Macrocephaly is a symptom rather than a disease. To better understand it , consider that the head is a container, while the brain, meninges, cerebrospinalfluid, blood vessels, lymphatics and nerves as contents of that container.

IF any of the contents got enlarged in size; then the container will adapt to this by getting enlarged, what is known as macrocephaly.

What is the definition of macrocephaly?

It means enlarged size of the head two standard deviations from normal for age and sex.


Causes and differential diagnosis:

Causes of macrocephaly are categorized according to different classifications.

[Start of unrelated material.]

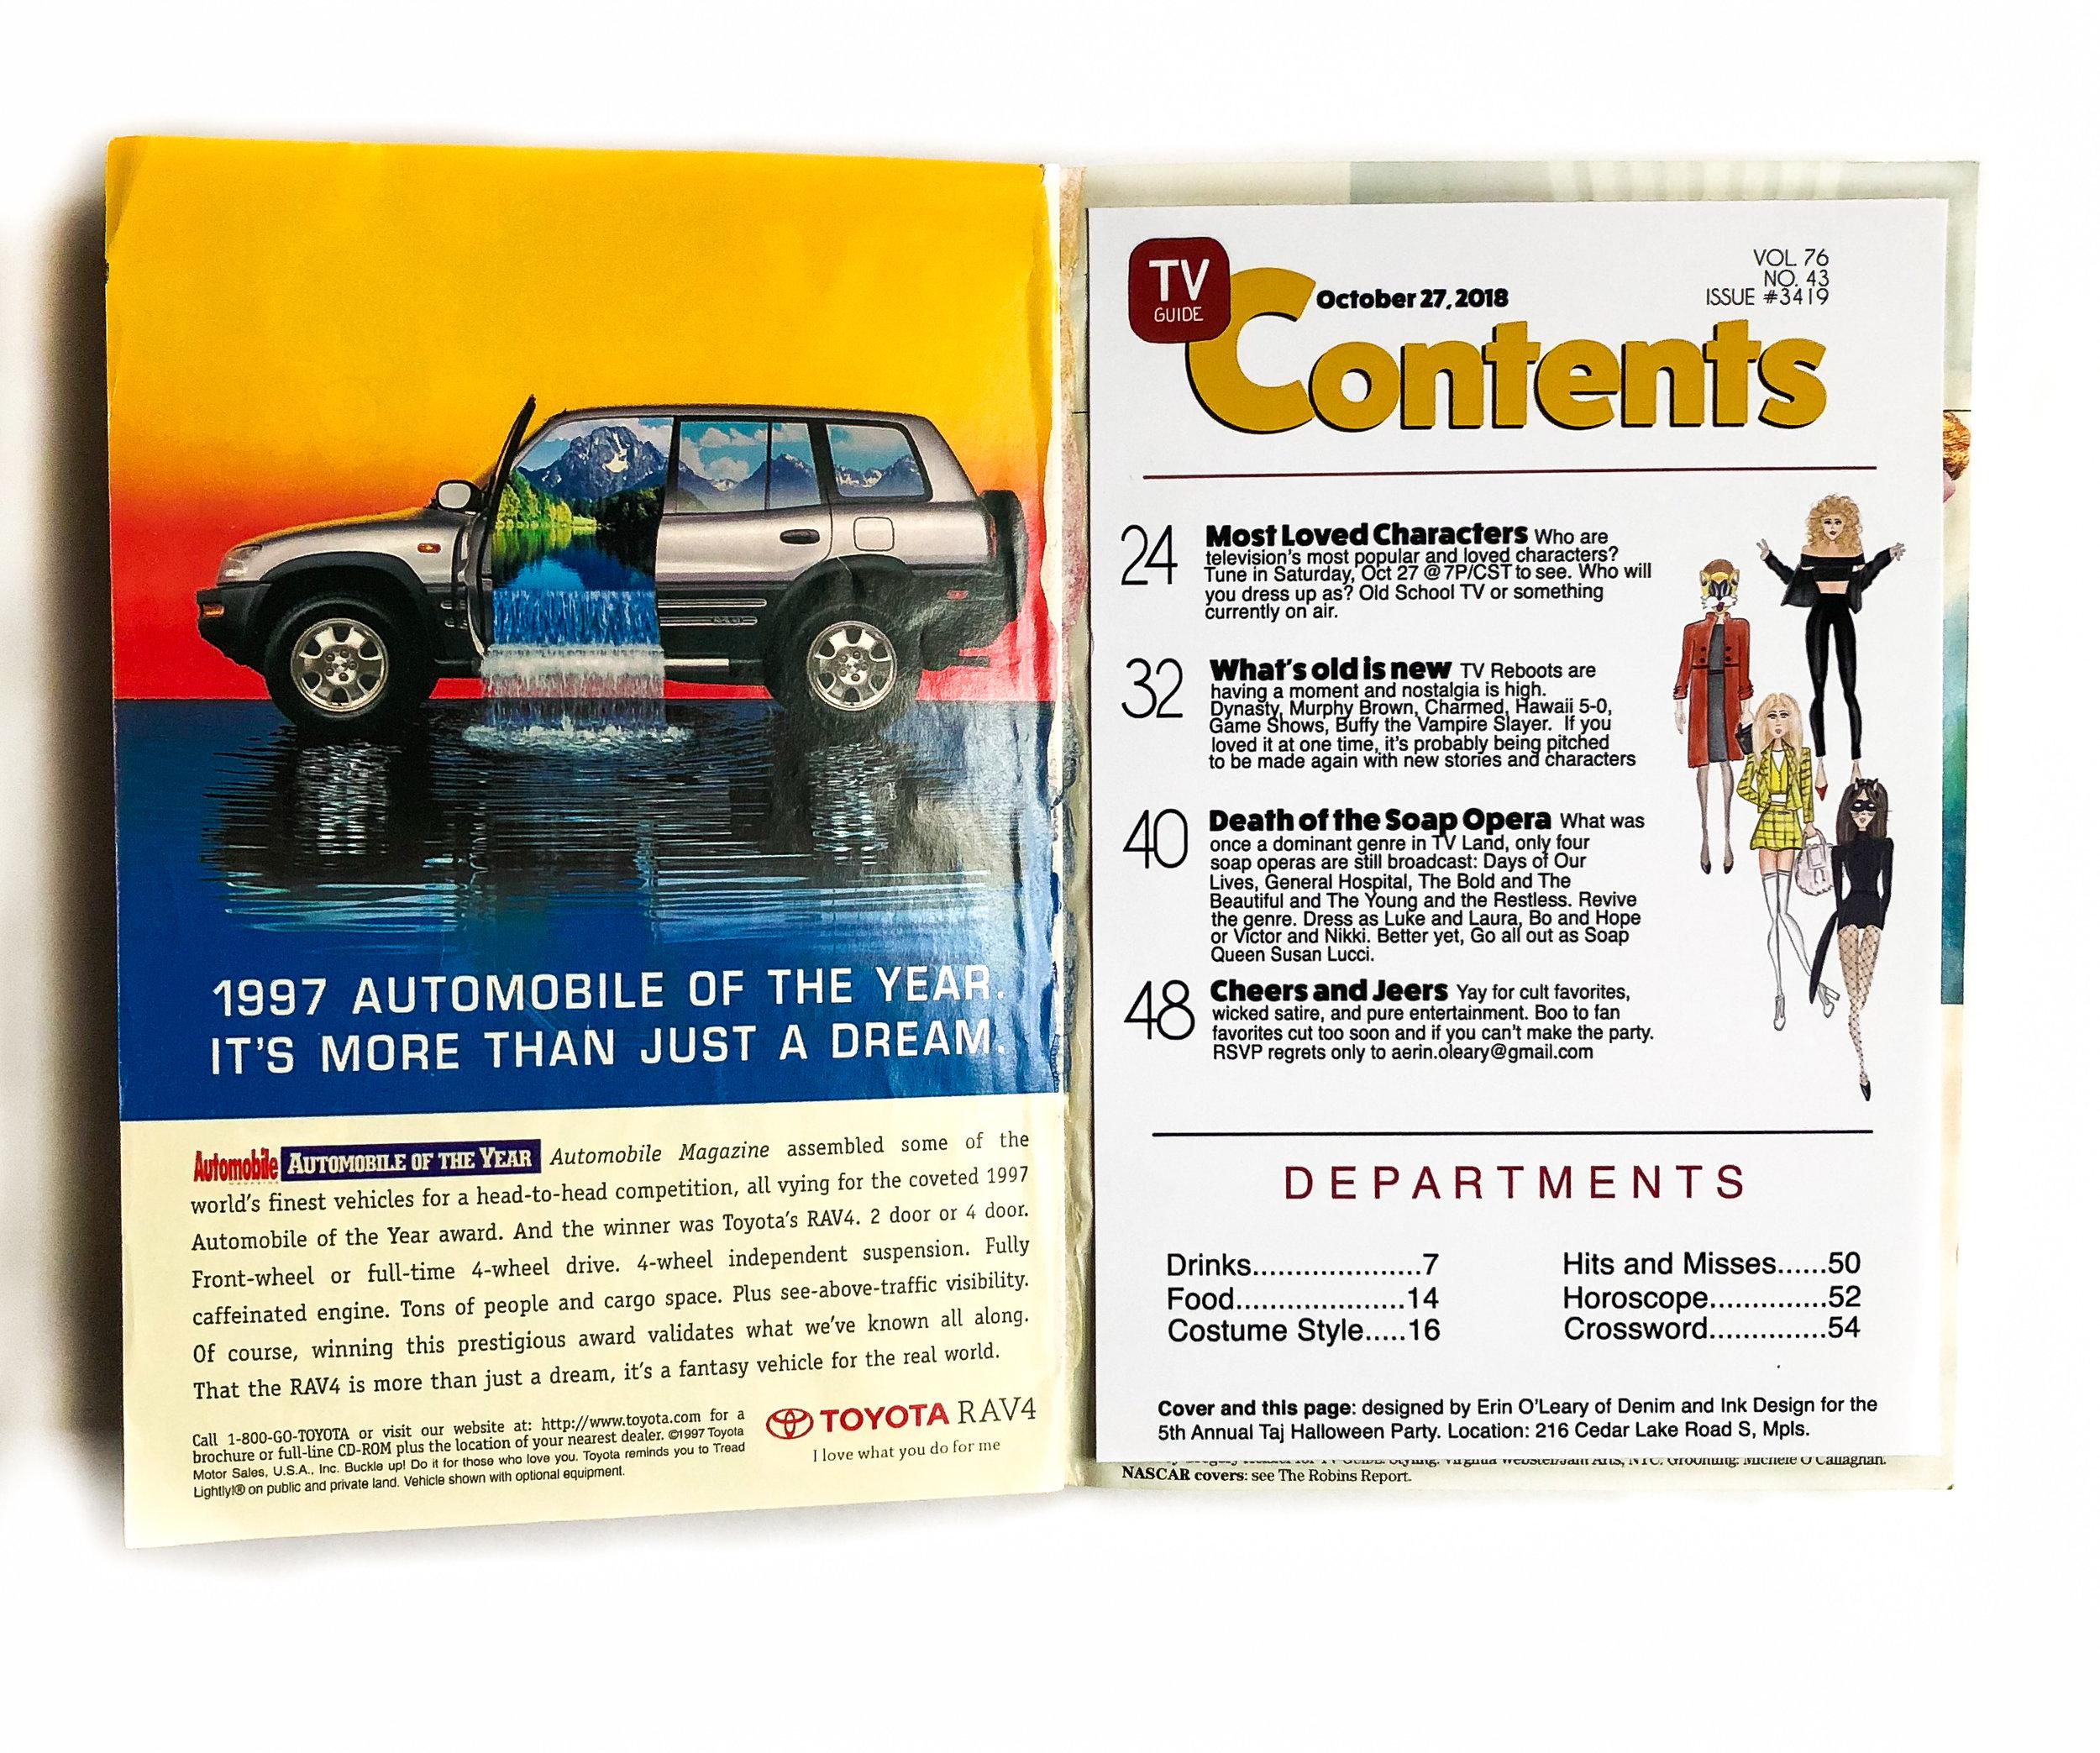 TV Guide Invitation Contents

According to the pathological process underlying the cause (infection, genetic, familial…..etc) or

According to the anatomical structure that led to macrocephaly.

In general, the causes of macrocephaly are:

  1. Familial e.g.: Benign familial macrocephaly: The most common cause of macrocephaly. It runs in families and doesn’t lead to neurological deficit.
  2. Hydrocephalus: Because of excess volume of the cerebrospinal fluid, increased secretion of the fluid or obstructed drainage. The fluid will accumulate in the brain ventricles leading to enlargement of the head size with subsequent atrophy of the brain substance. Patient may have neurological troubles with the macrocephay, e.g.: epilepsy, cerebral palsy, and paresis or muscle paralysis.
  3. Infections: Central infections e.g.: meningitis and encephalitis.
  4. Genetic: Autism.
  5. Metabolic: Storage diseases.
  6. Bleeding: Intracranial haemorrhage, especially: subdural hematoma and intraventricular bleeding.
  7. Tumors: Like various brain tumours, vascular maleformations and arachnoid cyst.
  8. Chronic haematomas.
  9. Enlarged skull bones: e.g.: thalassemia, why? because of the associated expanded bone marrow.

Clinical picture:

  • The first detection of the macrocephaly usually occurs during the last trimester of pregnancy or during early childhood, before closure of the cranial fontanels and sutures, when the skull bones are flexible for increasing size.
  • The head circumference is larger than expected for age and sex by more than 2 standard deviations.
  • Asymmetry of the cranium (both sides of the head are not identical).
  • It is common to have developmental delay.
  • Motor dysfunction e.g.: hemiparesis, hemiparalysis.
  • There is slower growth of the body in relation to the head.
  • Autism or epilepsy may accompany it.
  • Symptoms and signs of increased intracranial pressure: vomiting, Headache and papilledema (raised optic disc seen during fundus examination of the eye).
  • Usually, the anterior fontanel is raised and wide.
  • Delayed closure of the posterior fontanel.
  • Skeletal deformities.

Diagnosis of macrocephaly:

Physicians diagnose it clinically by measuring the head circumference, but the physician and the patient or relatives need to know what the exact cause of the condition is, and what are the associated structural abnormalities?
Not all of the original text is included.